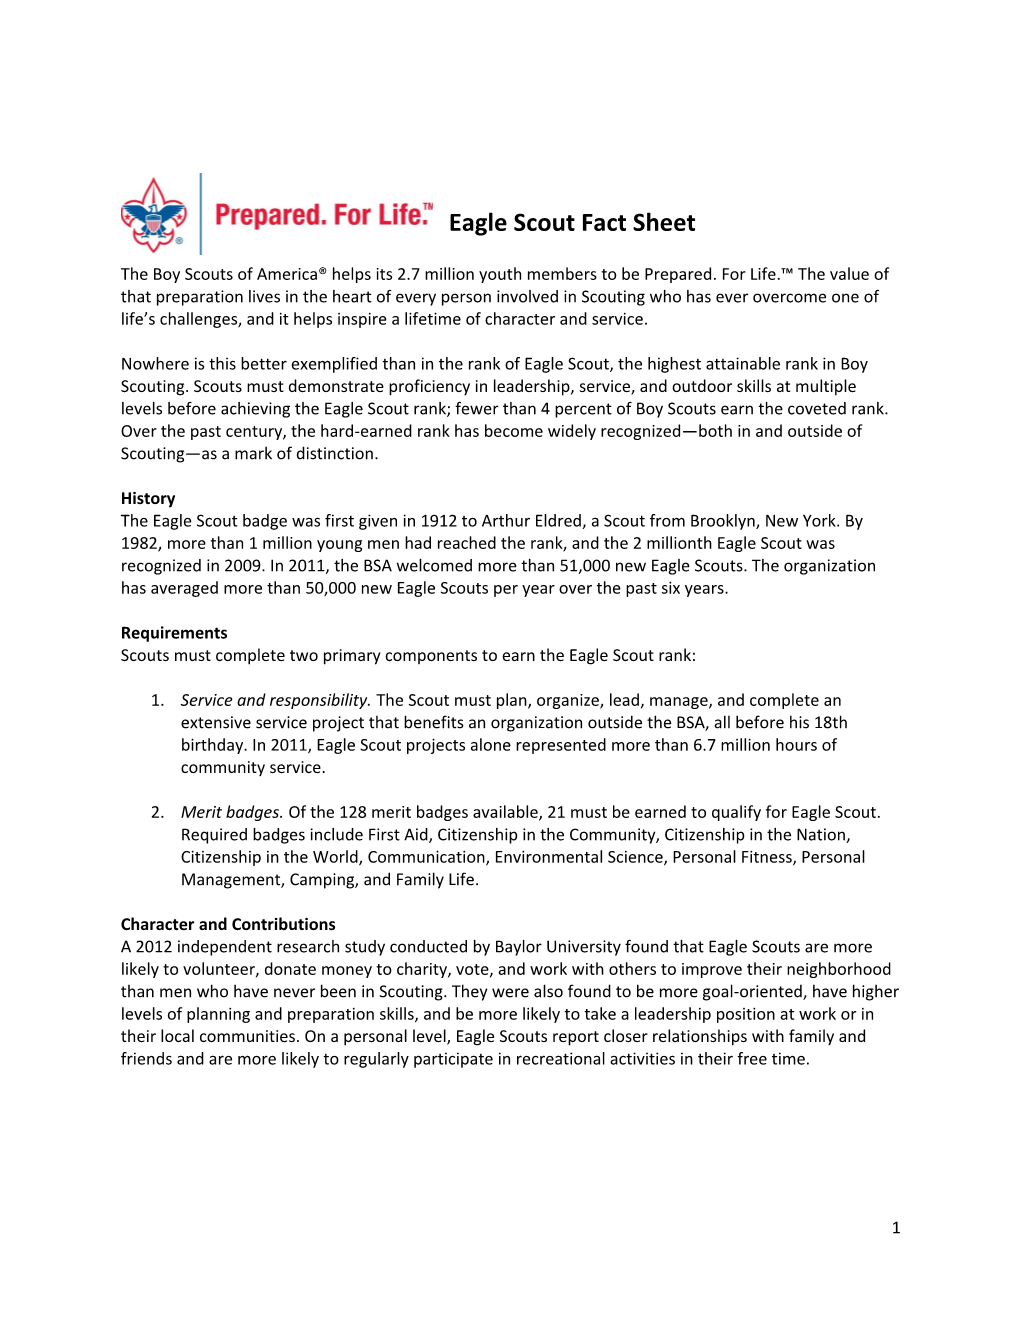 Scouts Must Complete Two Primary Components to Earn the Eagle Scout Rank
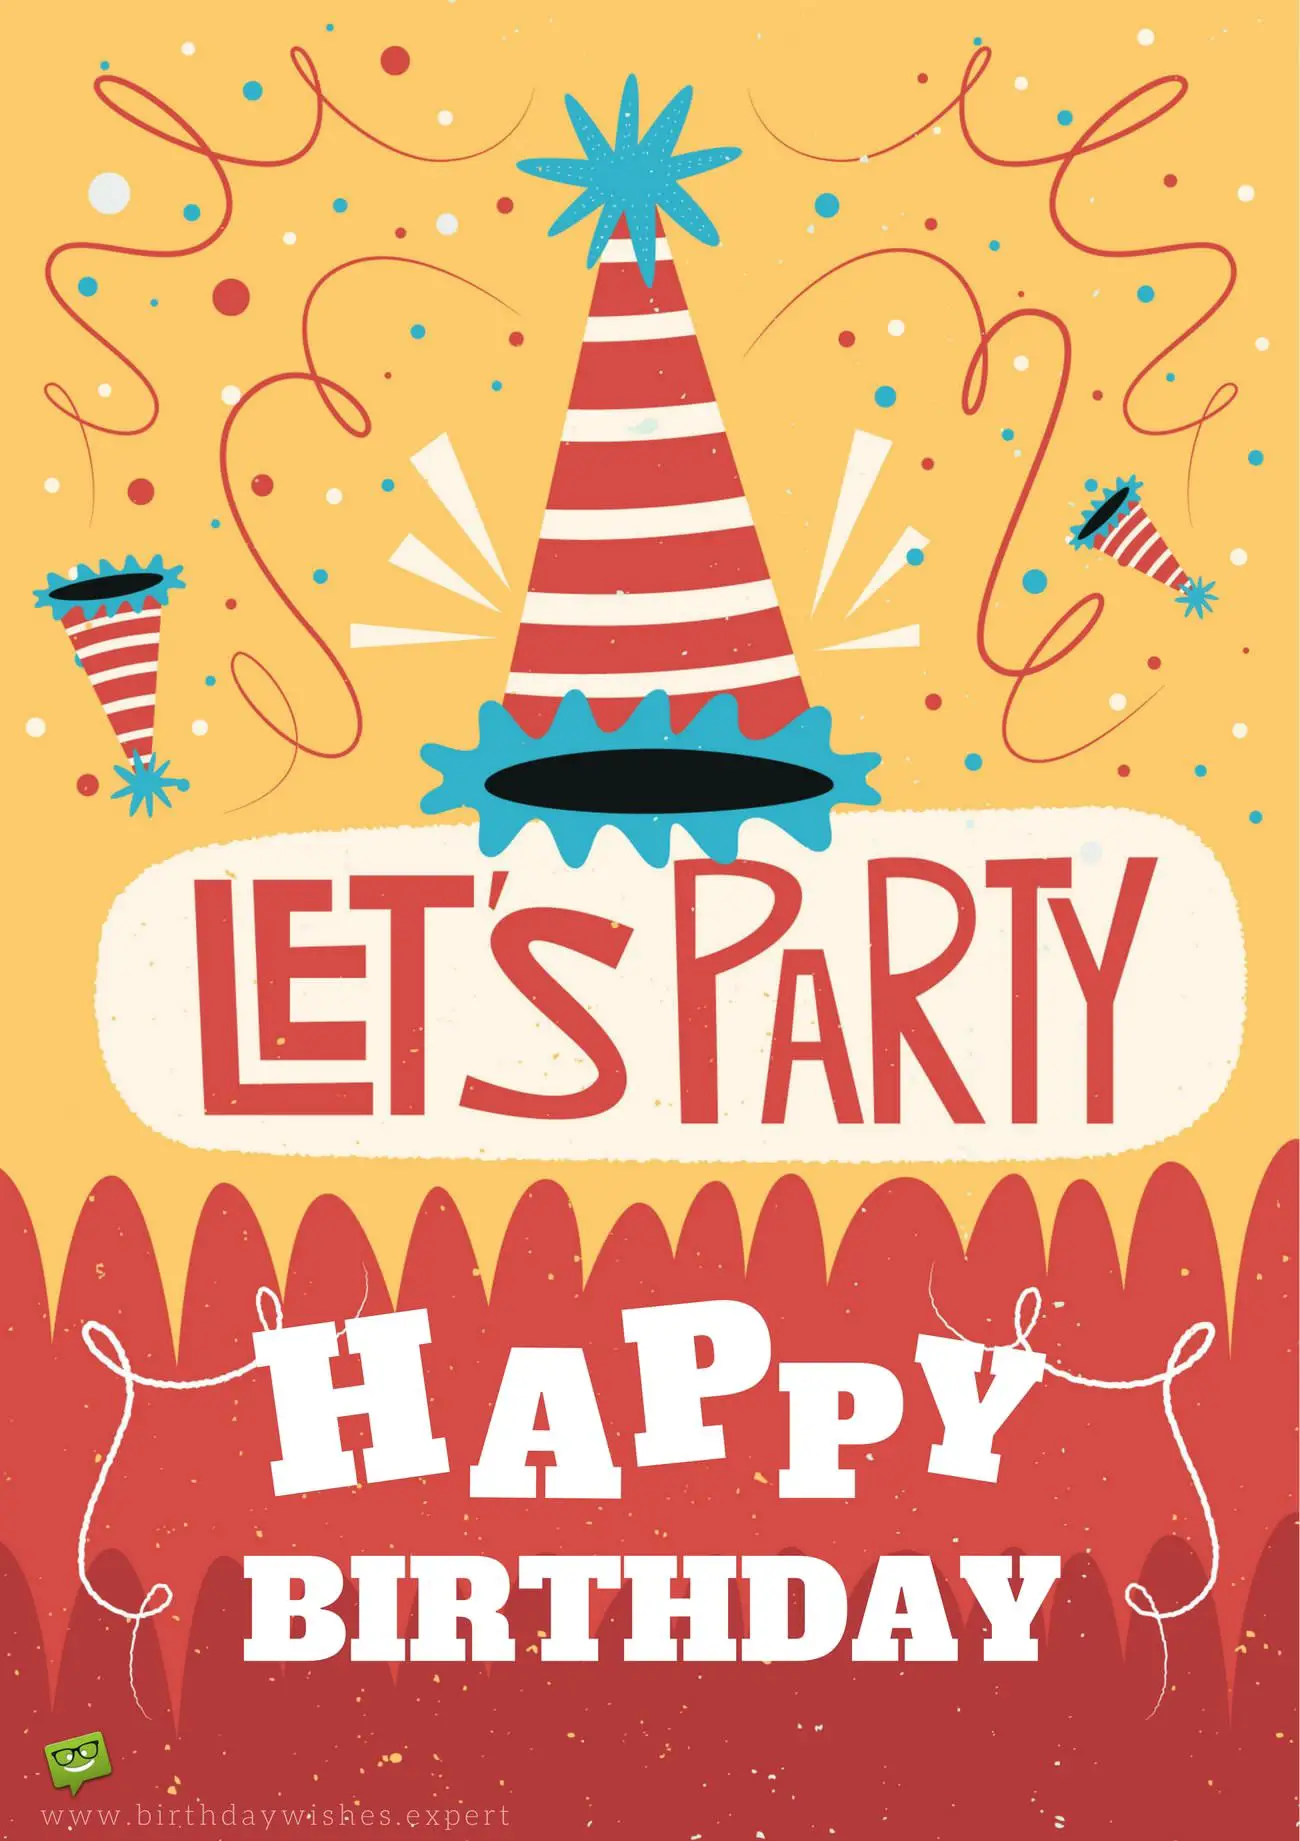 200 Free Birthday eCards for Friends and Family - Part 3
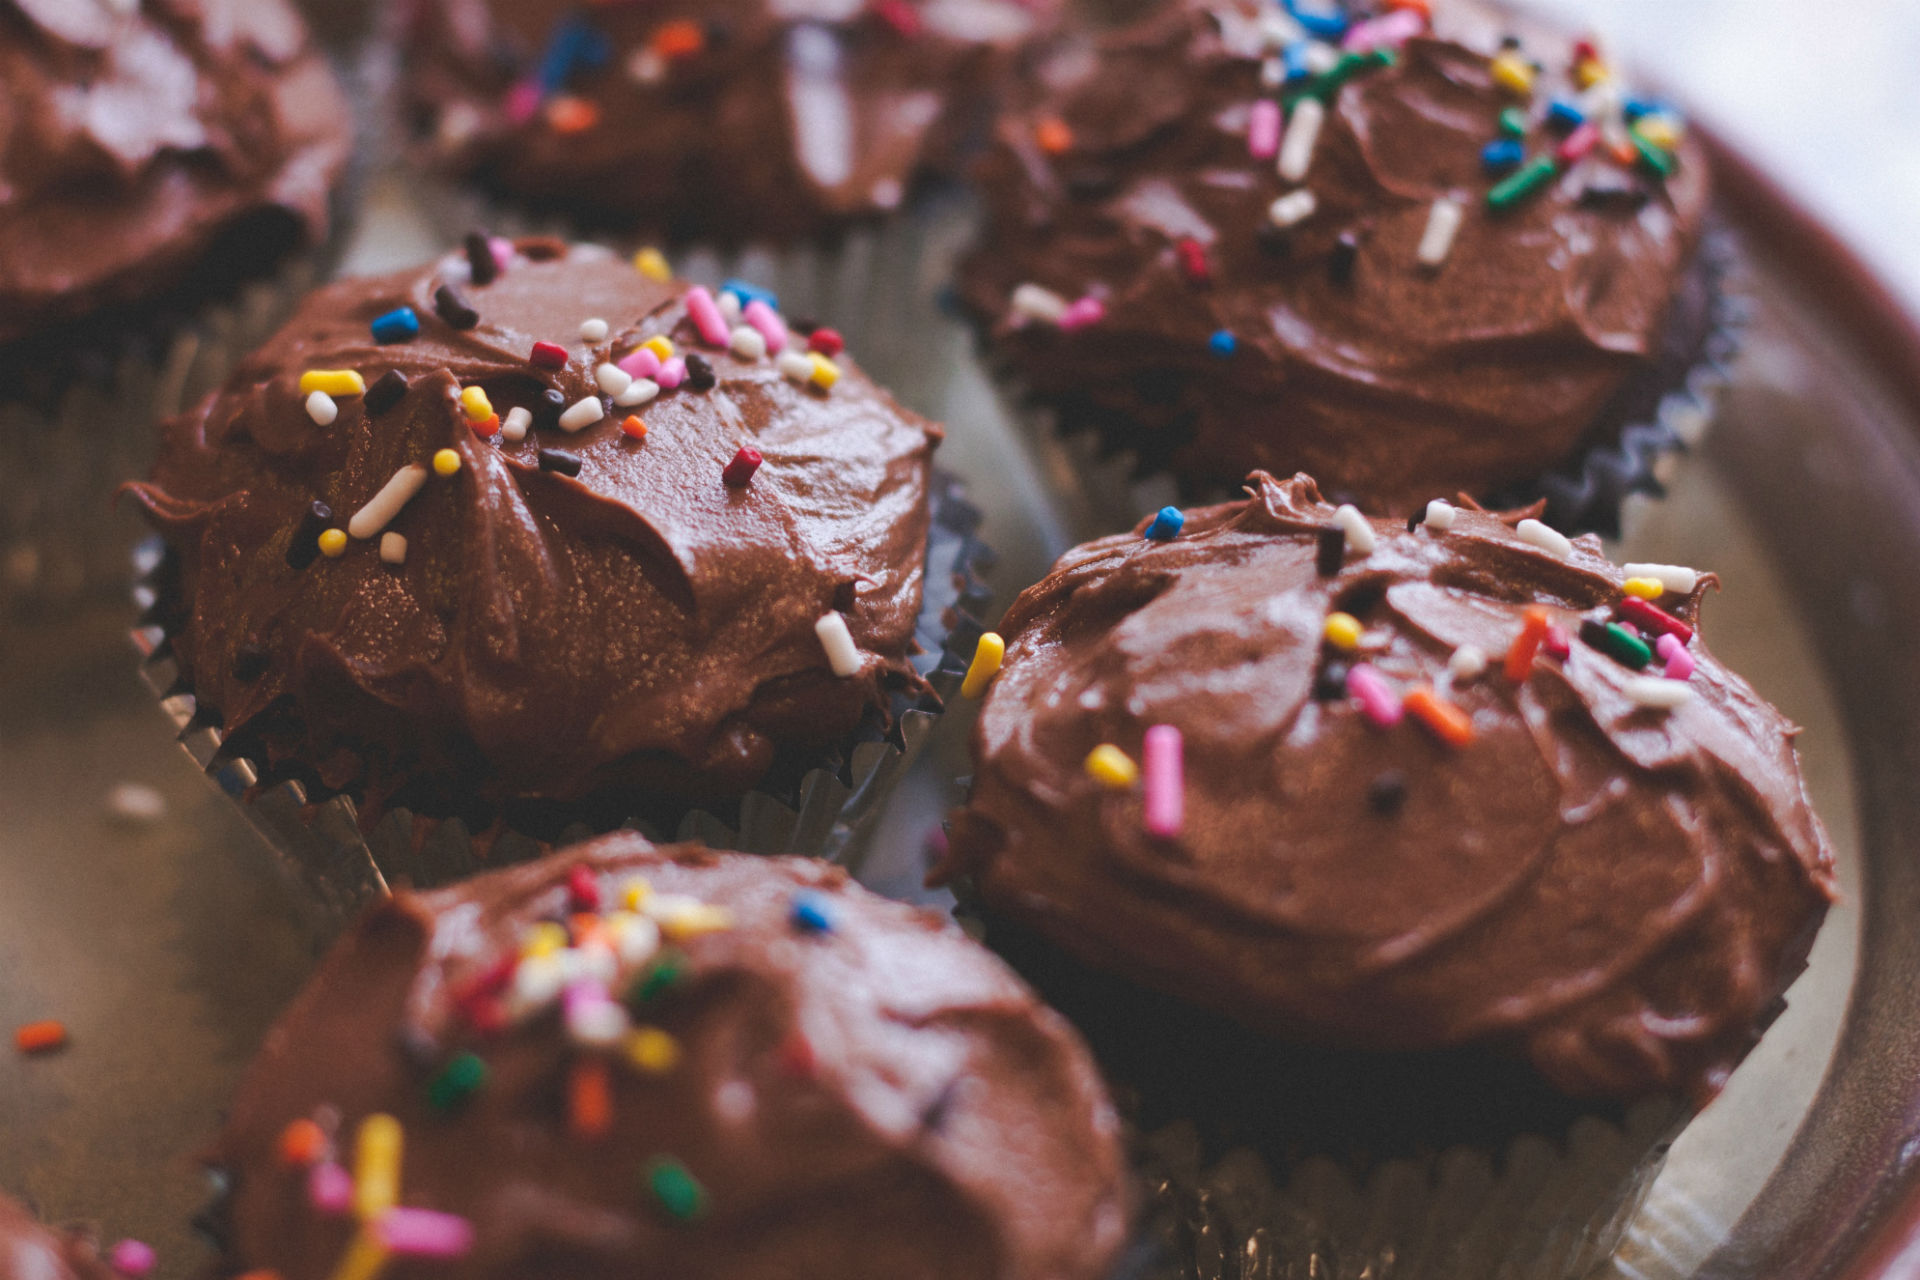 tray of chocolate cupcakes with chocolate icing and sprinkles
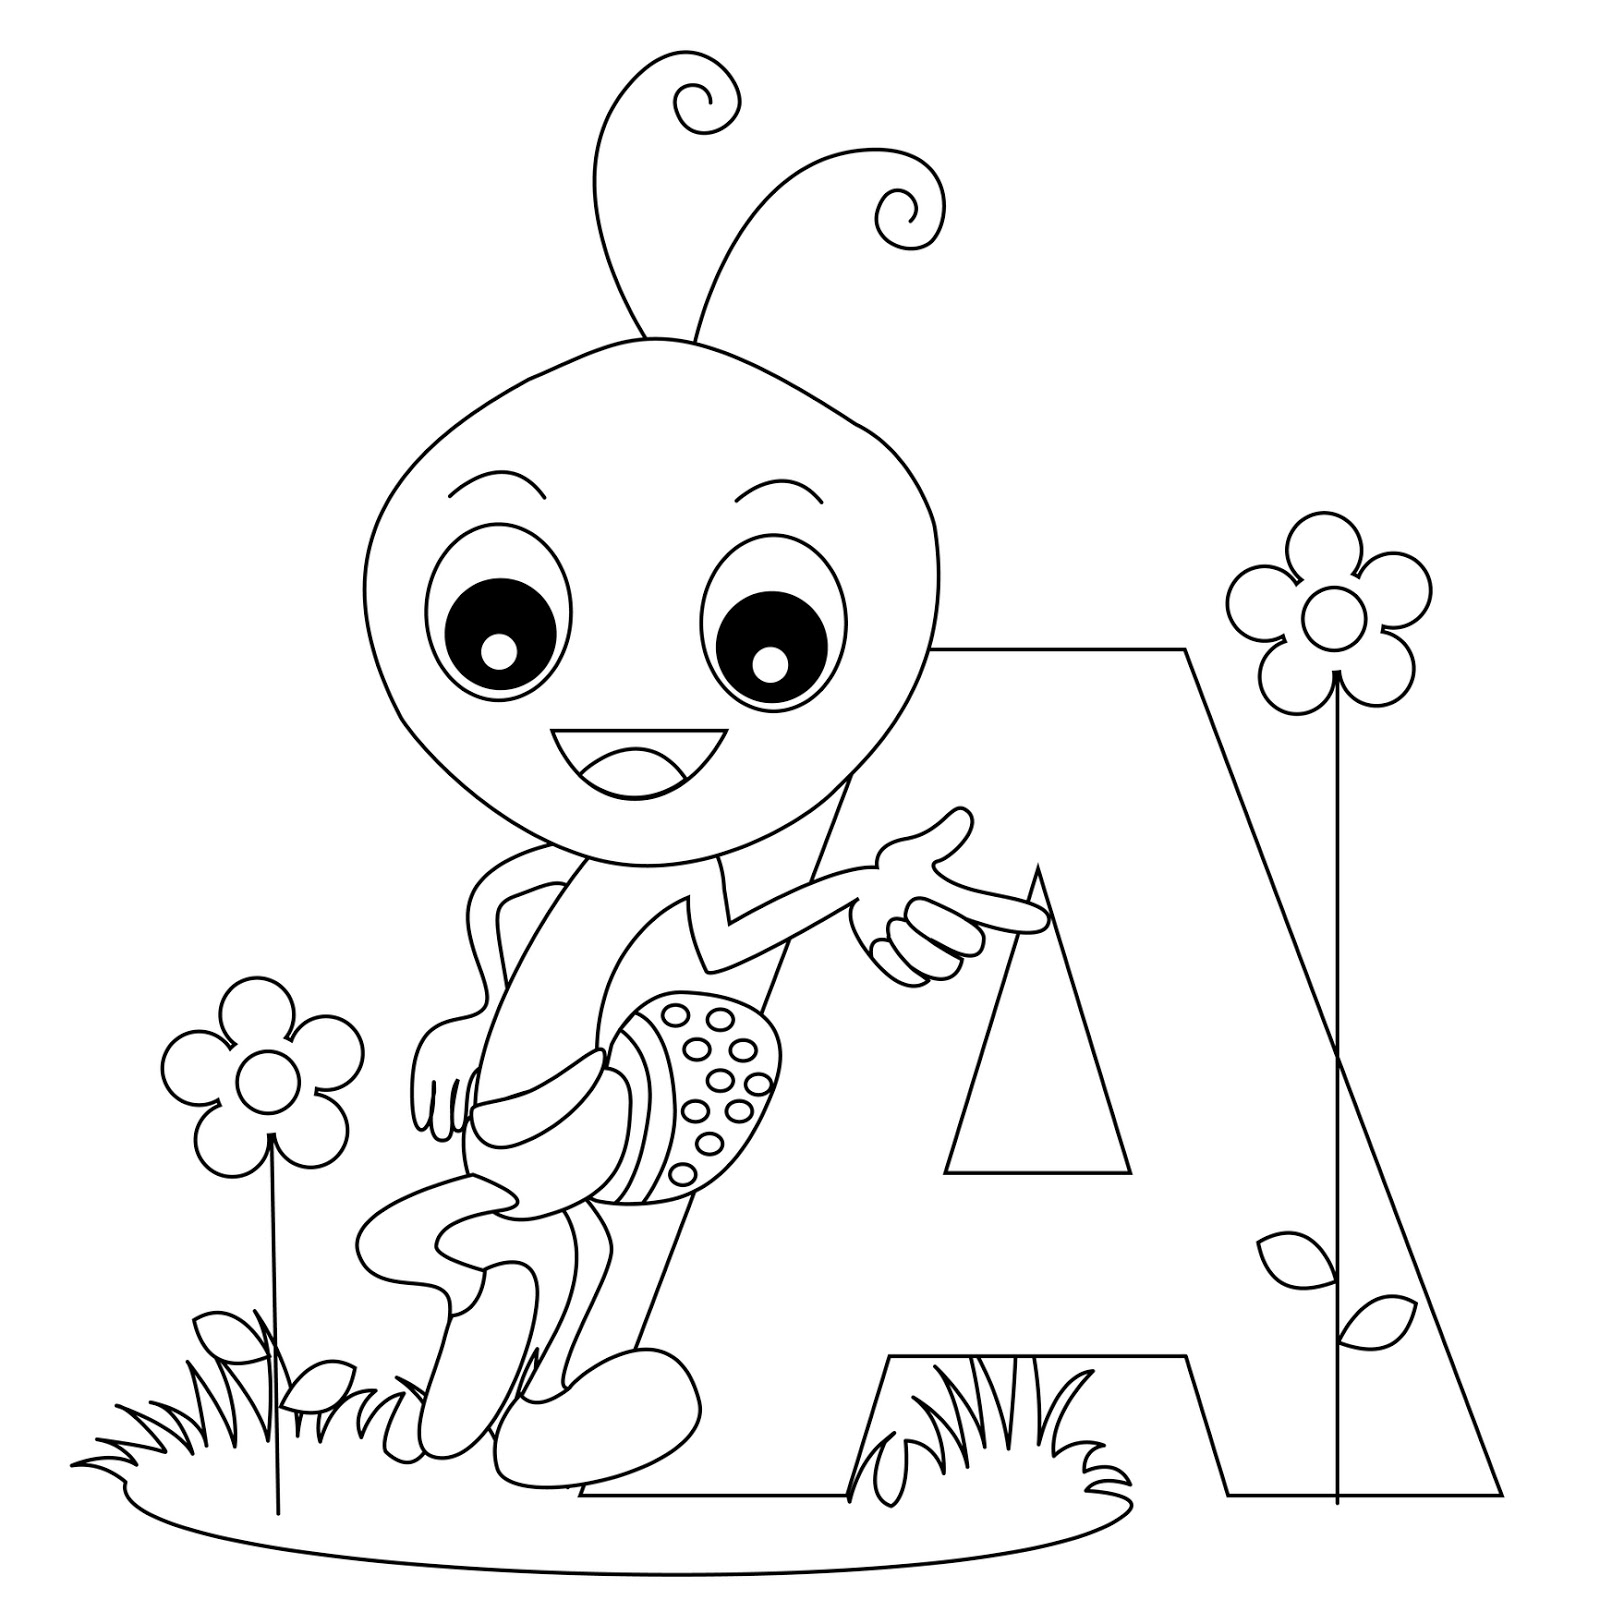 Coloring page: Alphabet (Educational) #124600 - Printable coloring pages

● **What is needed**:
Exact copy, pictures removed: set down the whole listing above.

● **Answer for this exercise**:
 Scouts Must Complete Two Primary Components to Earn the Eagle Scout Rank
 200 Free Birthday eCards for Friends and Family - Part 3
 tray of chocolate cupcakes with chocolate icing and sprinkles
 Coloring page: Alphabet (Educational) #124600 - Printable coloring pages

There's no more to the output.